In 2022, Intel quietly made a reference to what it called "Project Endgame" in an investor note. It was in the middle of the company's published roadmap of products, which included its then future plans for its ARC discrete GPUs. Here is what was revealed at the time:
Project Endgame – Project Endgame will enable users to access Intel Arc GPUs through a service for an always-accessible, low-latency computing experience. Project Endgame will be available later this year.
That's all the info that Intel stated at the time of the project. 2022 came and went, and the company made no other mentions of the status of Project Endgame afterwards. This week, the company finally made a mention of it in a social media post, and it's bad news.

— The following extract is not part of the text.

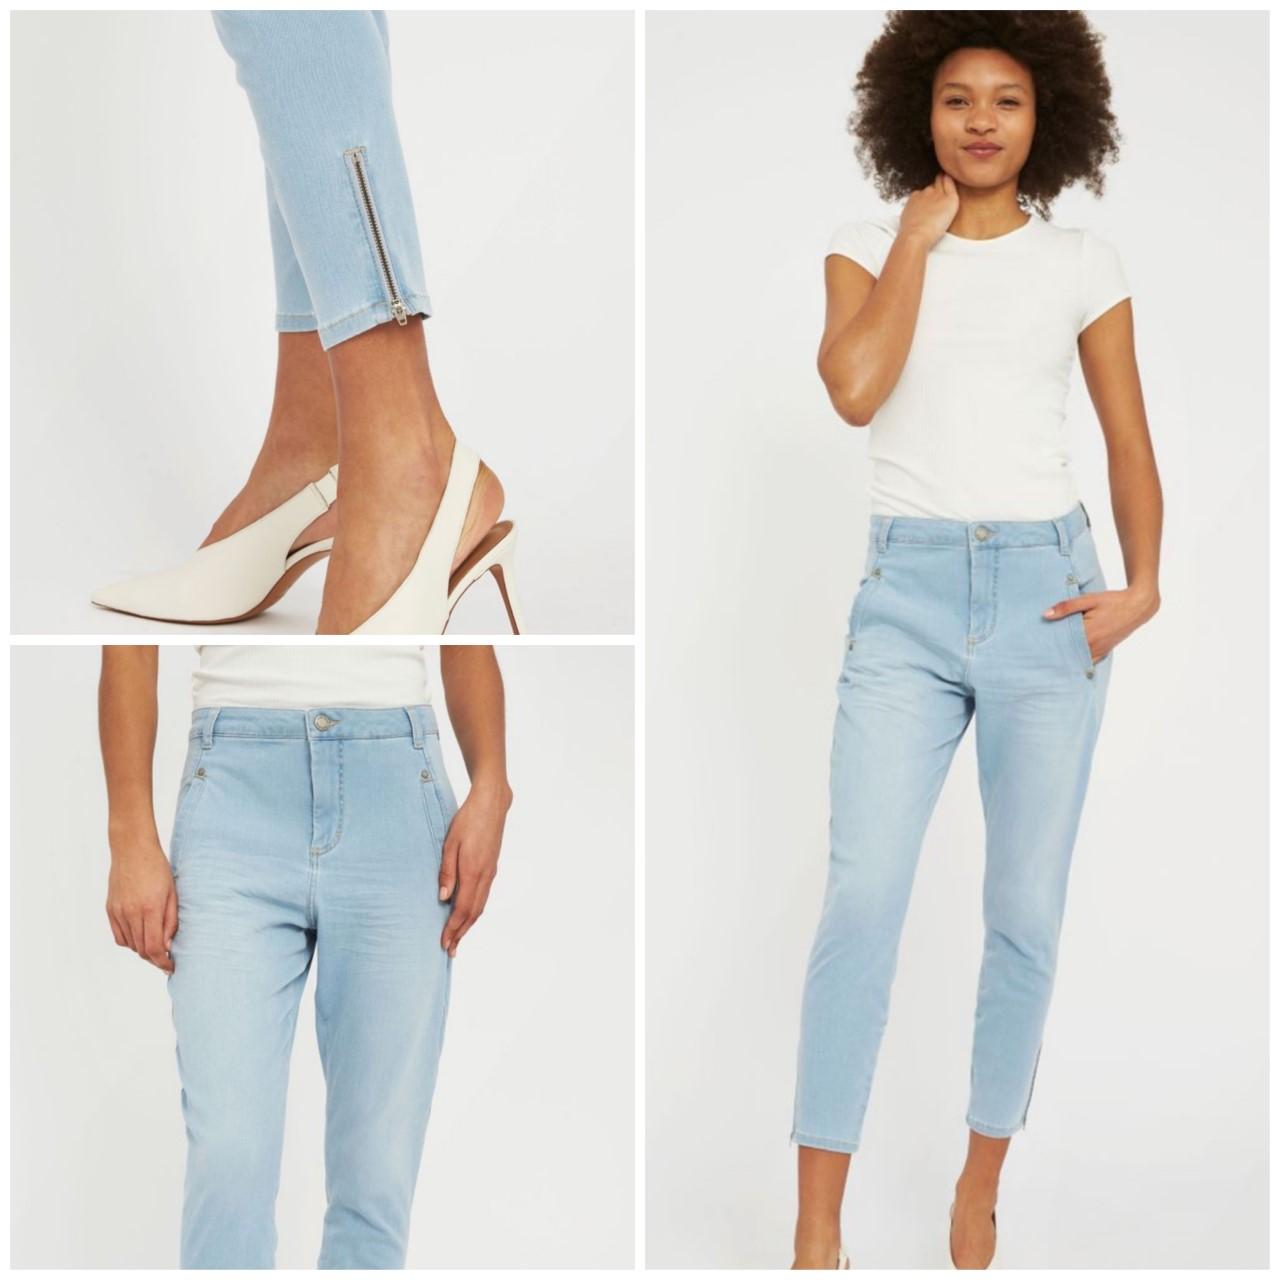 FiveUnits Jolie zip blue

When a user asked what happened to Project Endgame on the official Intel Graphics Twitter page, the response was brief and disappointing: "Our Project Endgame efforts are on hold. We don't have any updates to share at this time."
Our Project Endgame efforts are on hold. We don't have any updates to share at this time.
— Intel Graphics (@IntelGraphics) July 19, 2023
Obviously, that's not the answer that many people would have liked to hear. It's possible that Intel put the project on hold because its own efforts in competing in the discrete GPU market with its ARC products have not been as successful, saleswise, as predicted.
While the company did announce some new cards in June, the Intel Arc Pro A60 and the Pro A60M, these were made for workstation computers and not made specifically for gaming. Also, the company's head of its graphics unit, Raja Koduri, who was in charge of the Arc product launch, left Intel in March, less than a year after the release of the first ARC GPU.